La posibilidad matemática de que democristianos y socialdemócratas reediten la gran coalición que ha gobernado Austria durante los últimos 18 meses, y por cuyo éxito ha empeñado sus esfuerzos el socialdemócrata Werner Faymann, no mengua las dimensiones del batacazo de ambos partidos y de la victoria de las dos fuerzas de extrema derecha, que han sumado el 28,99% de los votos en las elecciones del domingo. El descontento de las clases medias ha castigado a los partidos que durante la posguerra pilotaron la regeneración del país, pero que, desaparecidos los dirigentes de referencia, han mutado en máquinas electorales con un arraigo social cada vez menor.
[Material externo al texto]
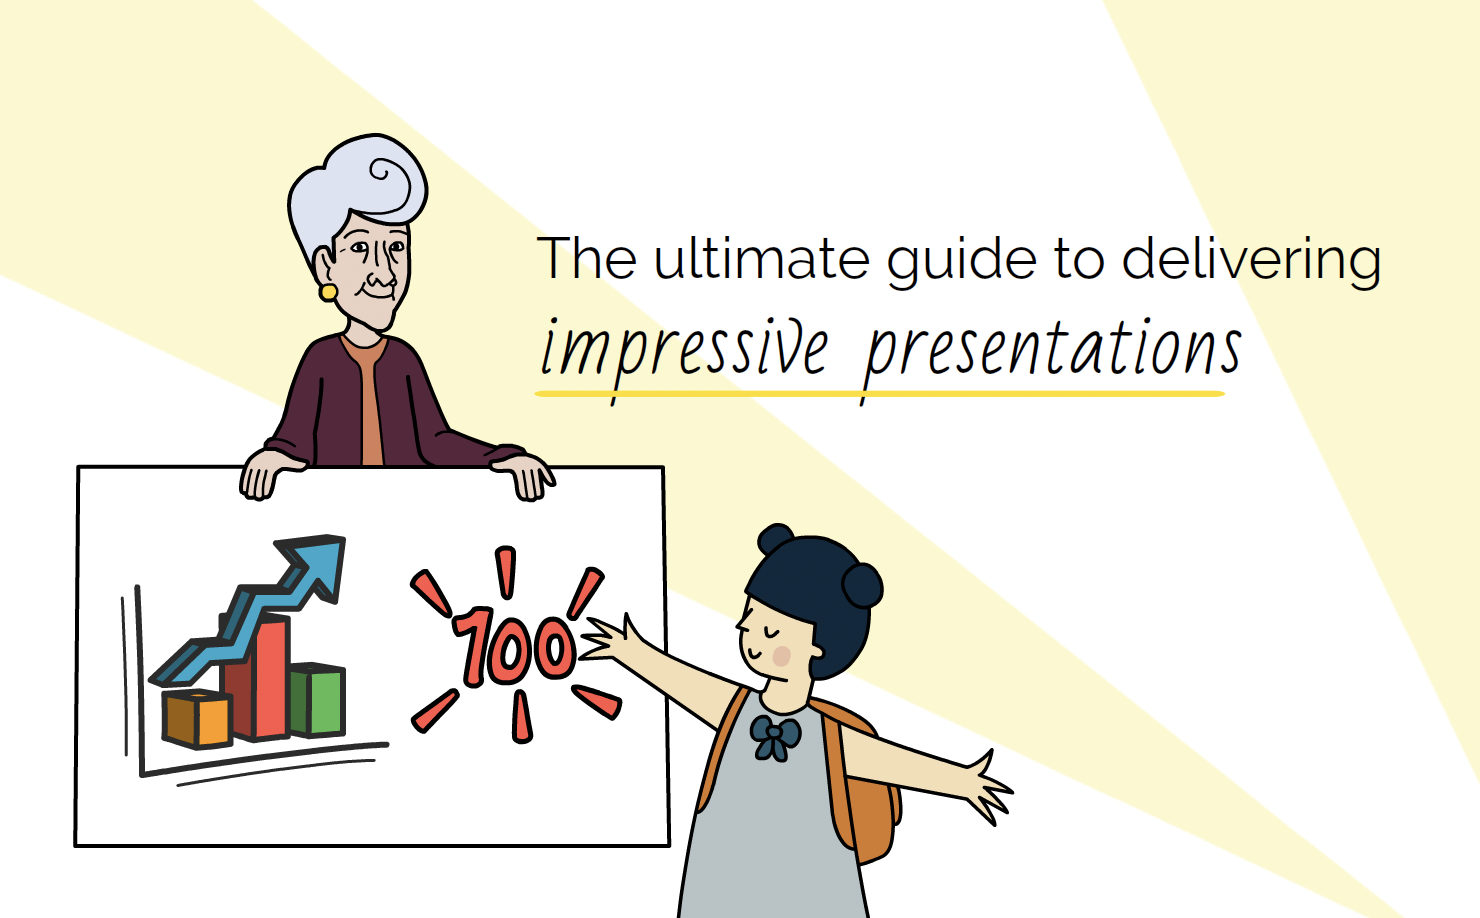 The ultimate guide to delivering impressive presentations

Para quienes pensaban que el antecedente del 2000 movería a reflexión al electorado más conservador, porque entonces la UE sometió a estricta vigilancia el comportamiento del Gobierno de coalición que formaron los democristianos y los ultras de Jörg Haider, el resultado del domingo entraña no pocas preocupaciones. La primera, el desapego de muchos austriacos por el futuro de Europa; la segunda, la preferencia de una parte cada vez mayor de la opinión pública por soluciones ideológicamente inquietantes, a despecho de la tragedia colectiva que desencadenaron los nacionalismos rampantes de los años 30. El fenómeno no es solo austriaco --la victoria de Berlusconi está en esta honda-- y amenaza con extenderse a otros países, debilitar a Europa, alentar las bajas pasiones y alimentar el debate identitario por encima del compromiso con los derechos humanos.